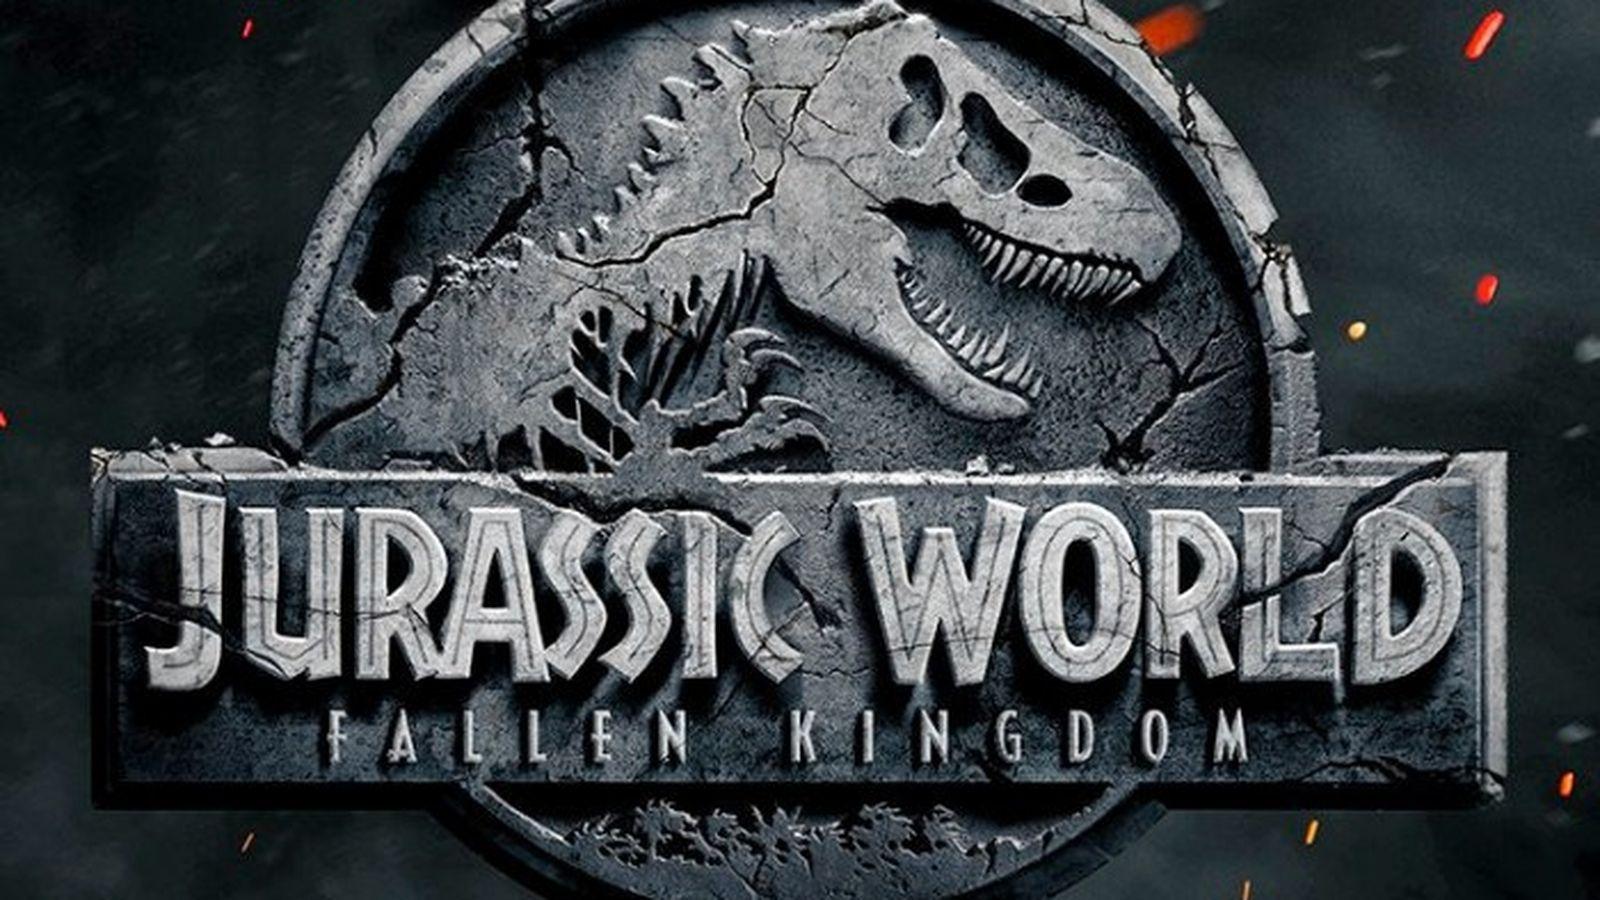 The Jurassic World: Fallen Kingdom poster is just a single
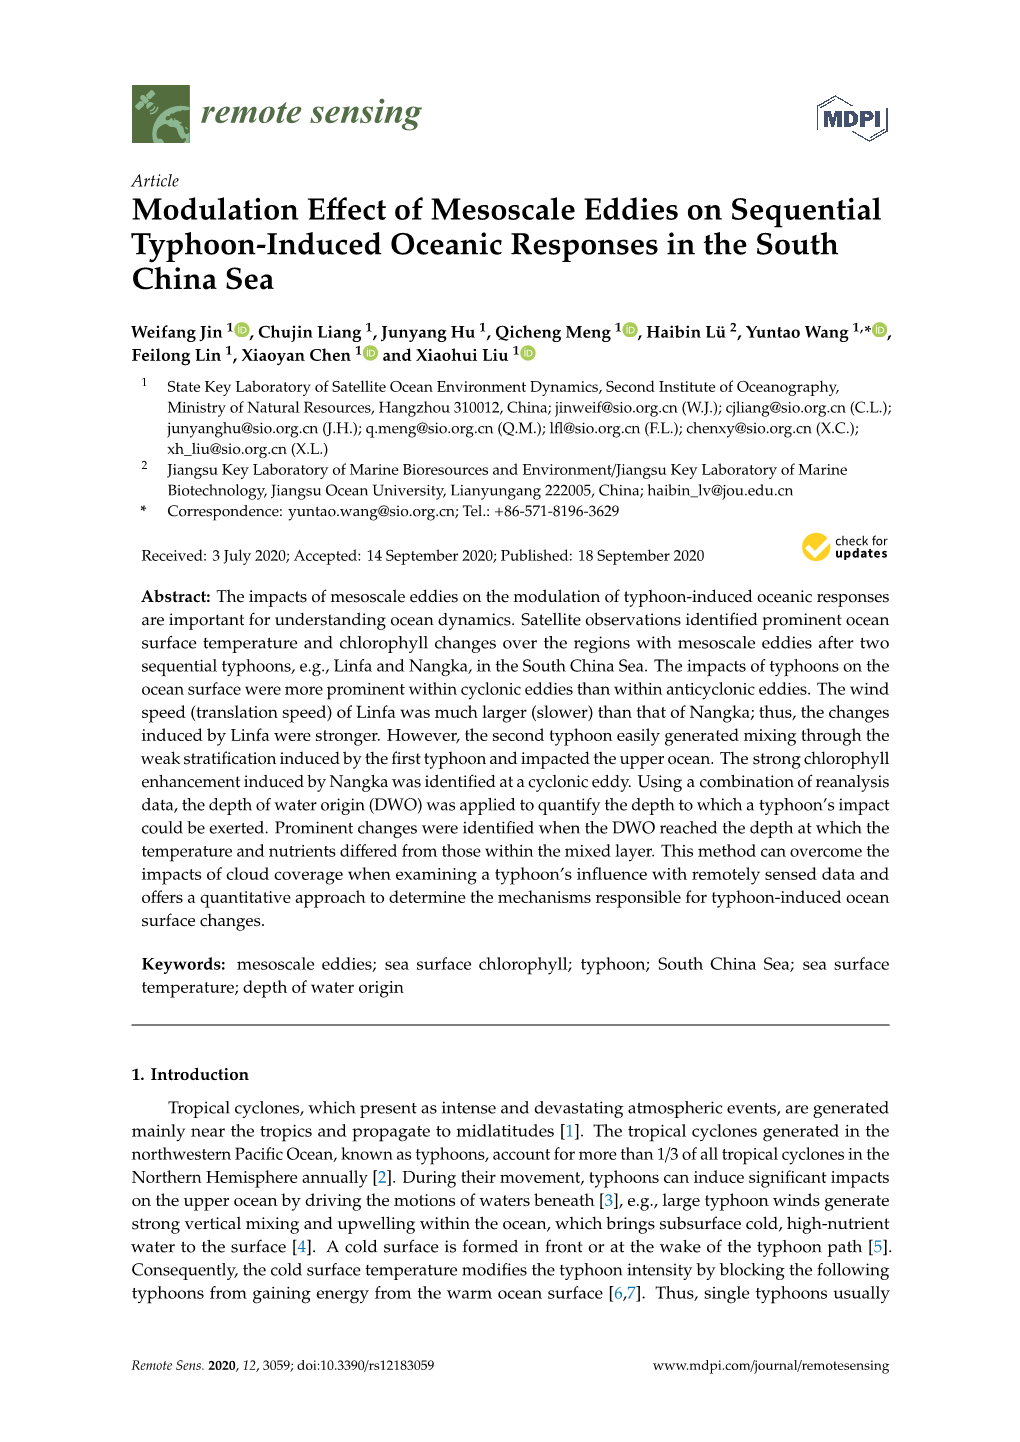 Modulation Effect of Mesoscale Eddies on Sequential Typhoon
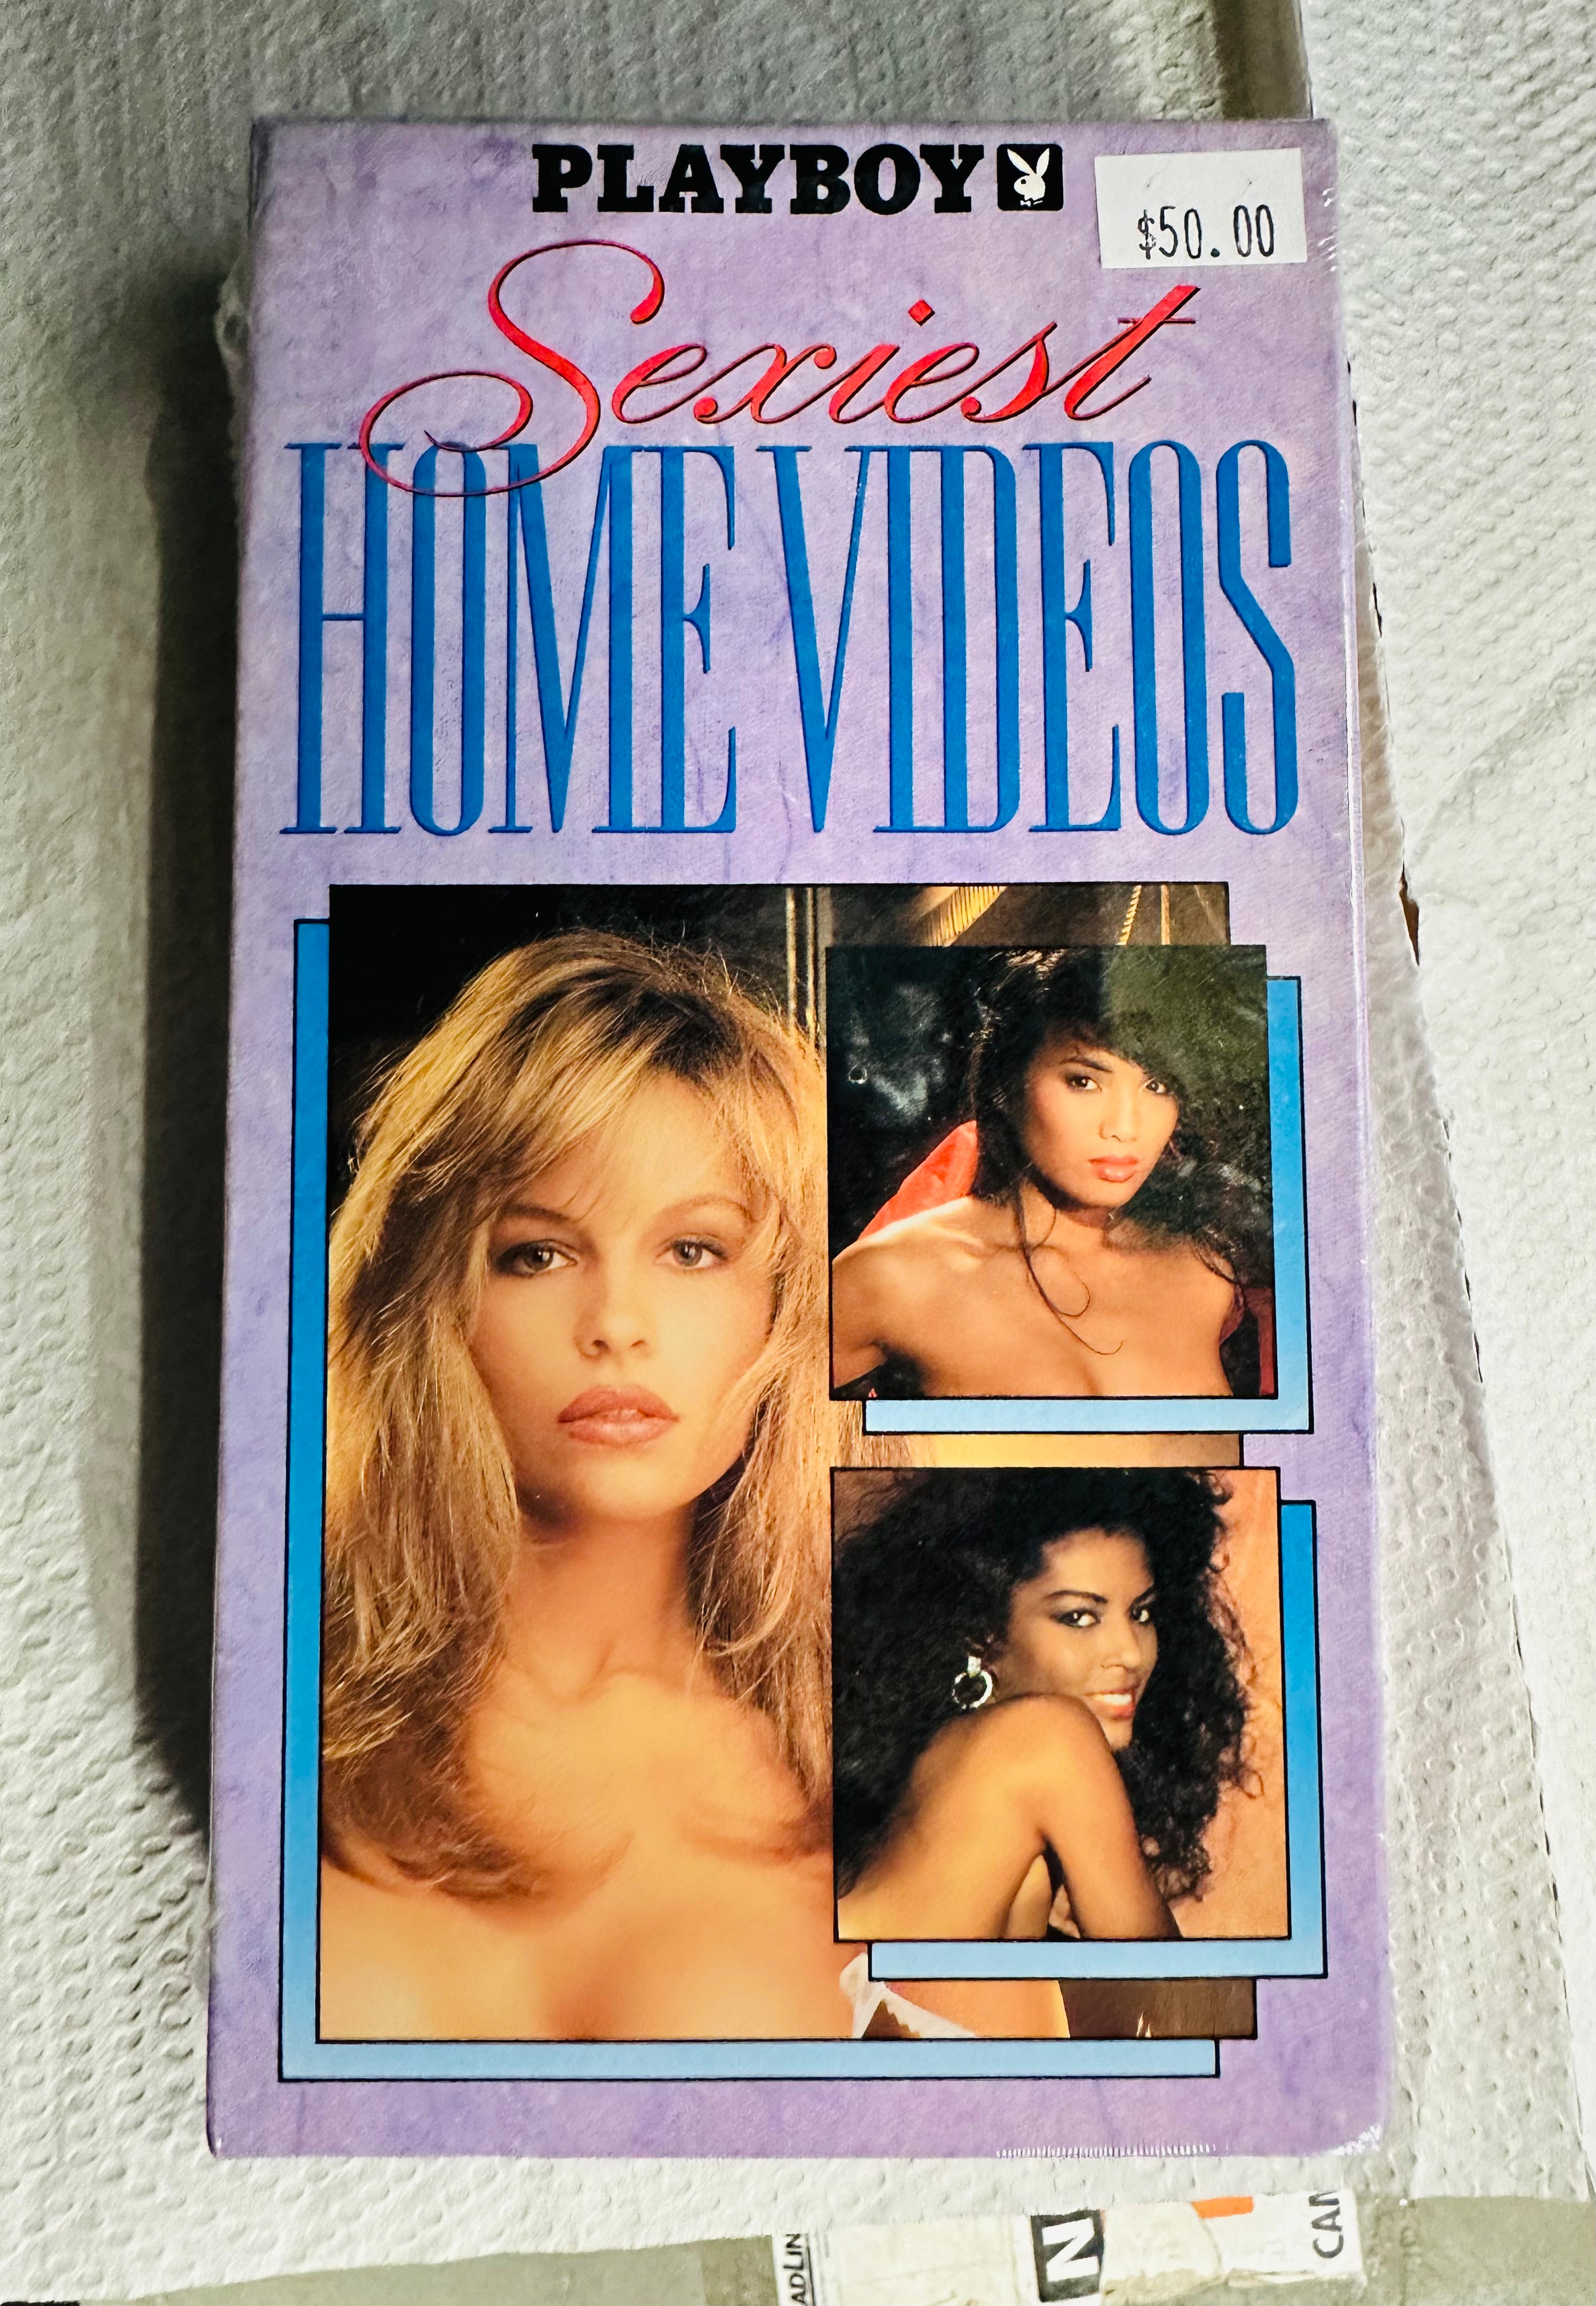 Pamela Anderson Playboy VHS vintage home videos tape 1992

Work to be completed | The images are to be left out; every line above should be set down exactly.

Answer to the exercise |
 The Jurassic World: Fallen Kingdom poster is just a single
 Modulation Effect of Mesoscale Eddies on Sequential Typhoon
 Pamela Anderson Playboy VHS vintage home videos tape 1992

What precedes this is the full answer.